Without the pictures, write the listing out again exactly as it appears.

- **Data block**:

★ ★ ★ ★ ★

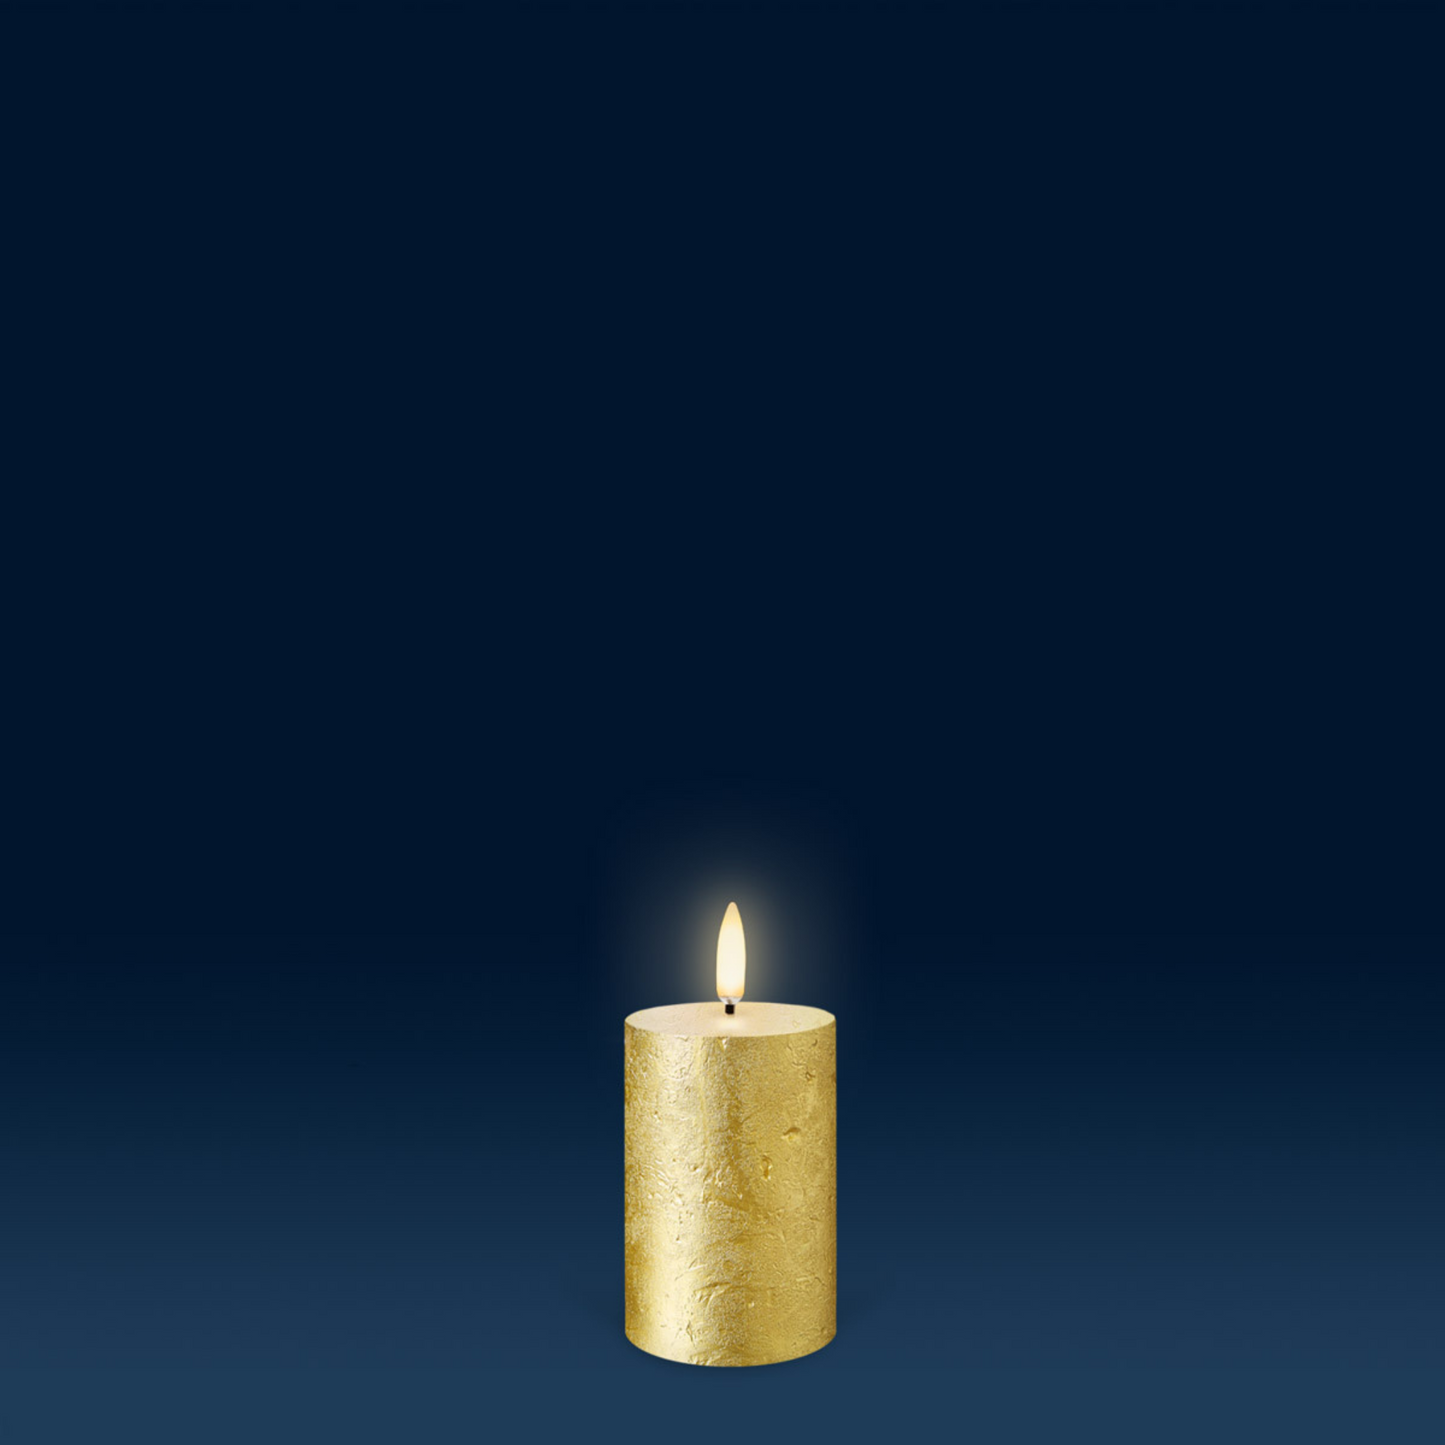 LED Pillar Candles Gold
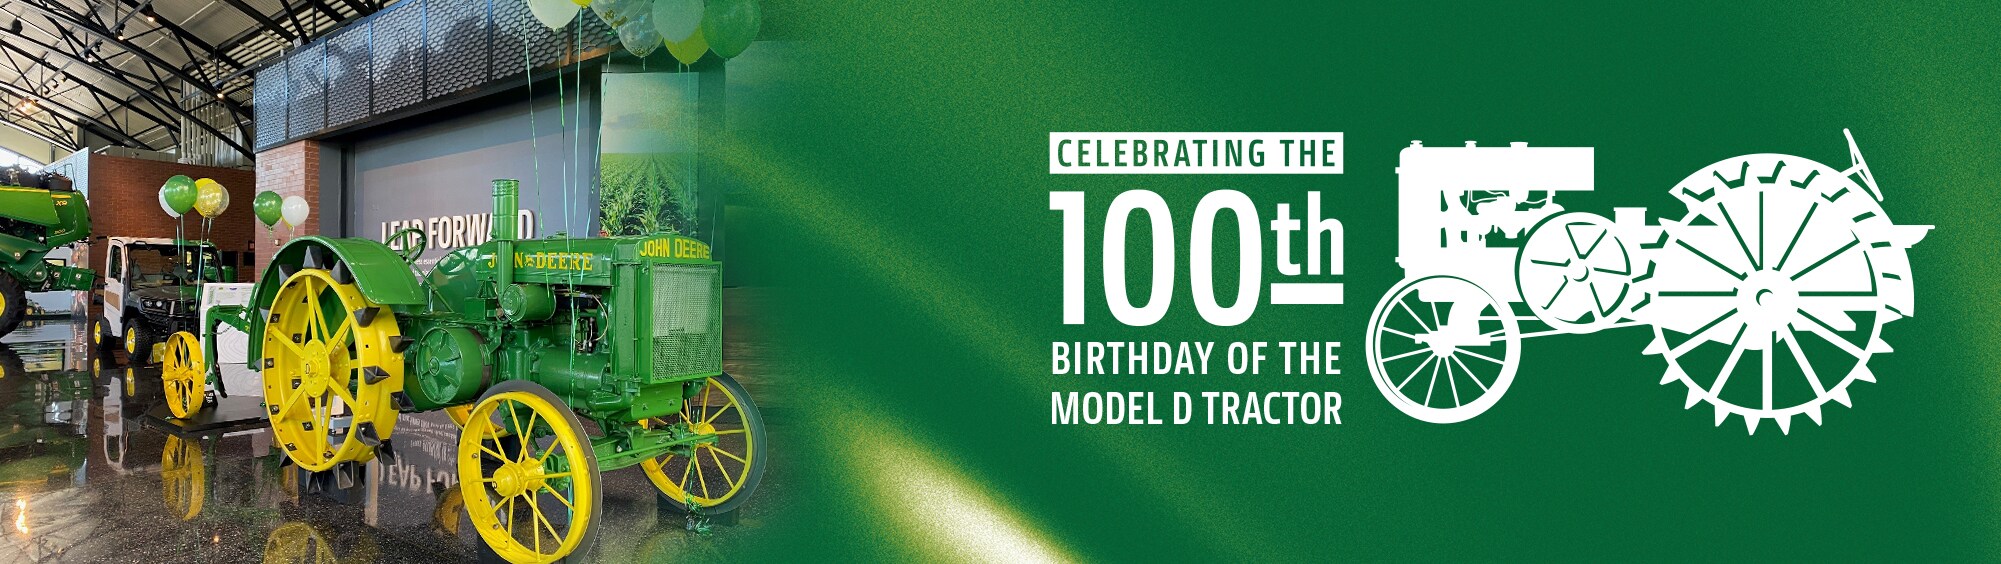 John Deere Model D Tractor 100th Birthday Banner
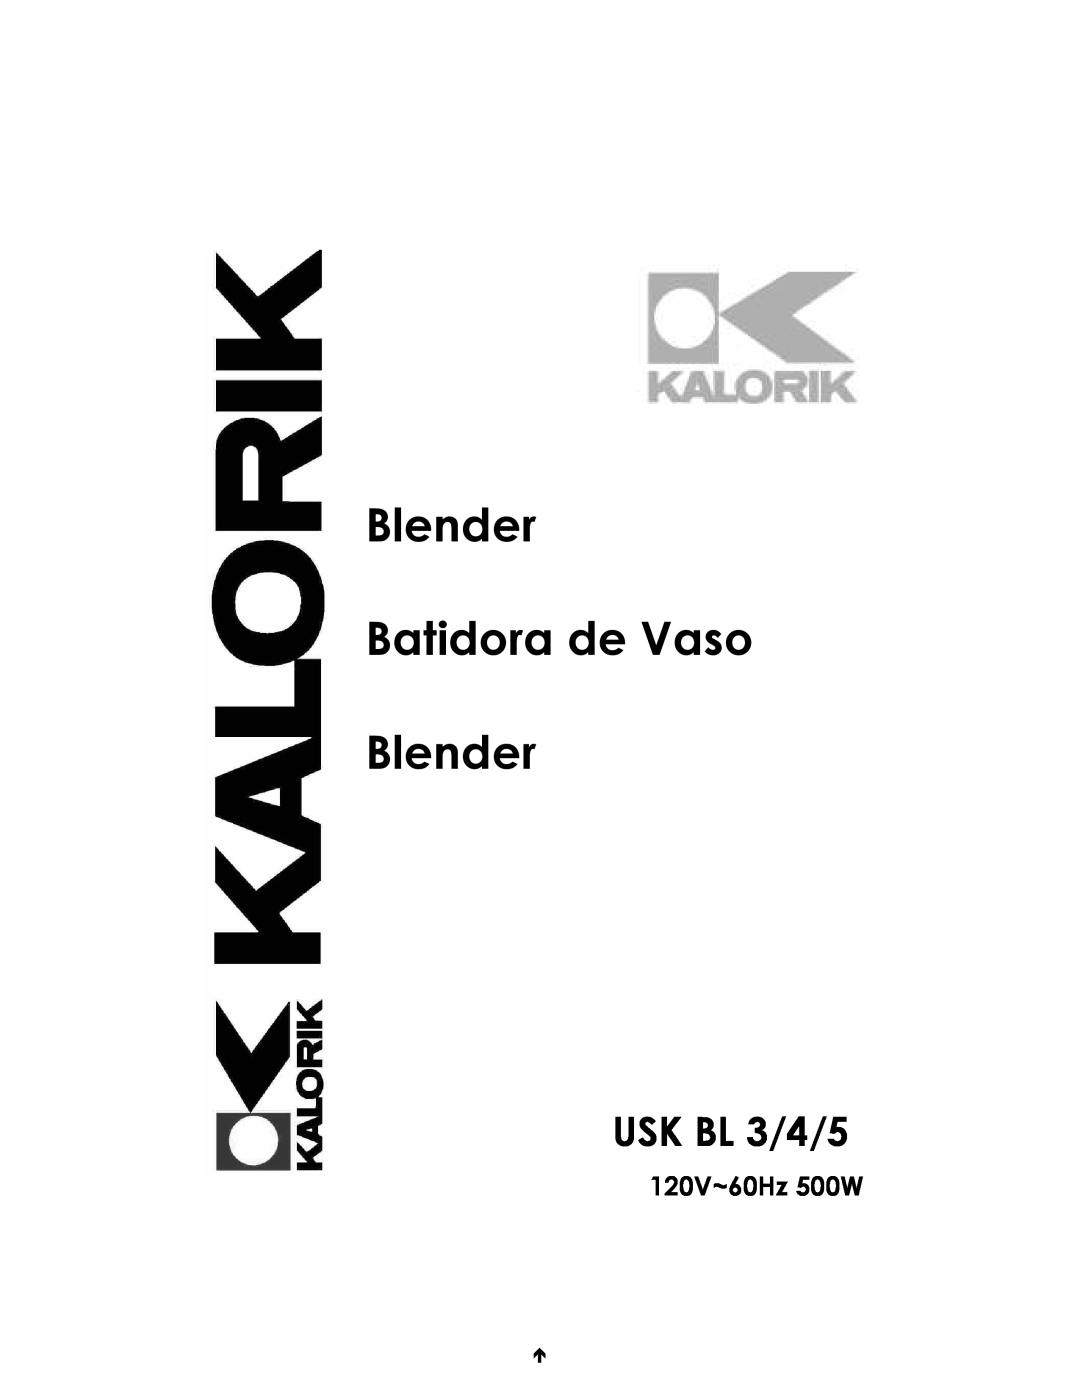 Kalorik USK BL 3/4/5 manual 120V~60Hz 500W, Blender Batidora de Vaso Blender

★ ★ ★ ★ ★

- **Solution for this problem**:
 LED Pillar Candles Gold
 John Deere Model D Tractor 100th Birthday Banner
 Kalorik USK BL 3/4/5 manual 120V~60Hz 500W, Blender Batidora de Vaso Blender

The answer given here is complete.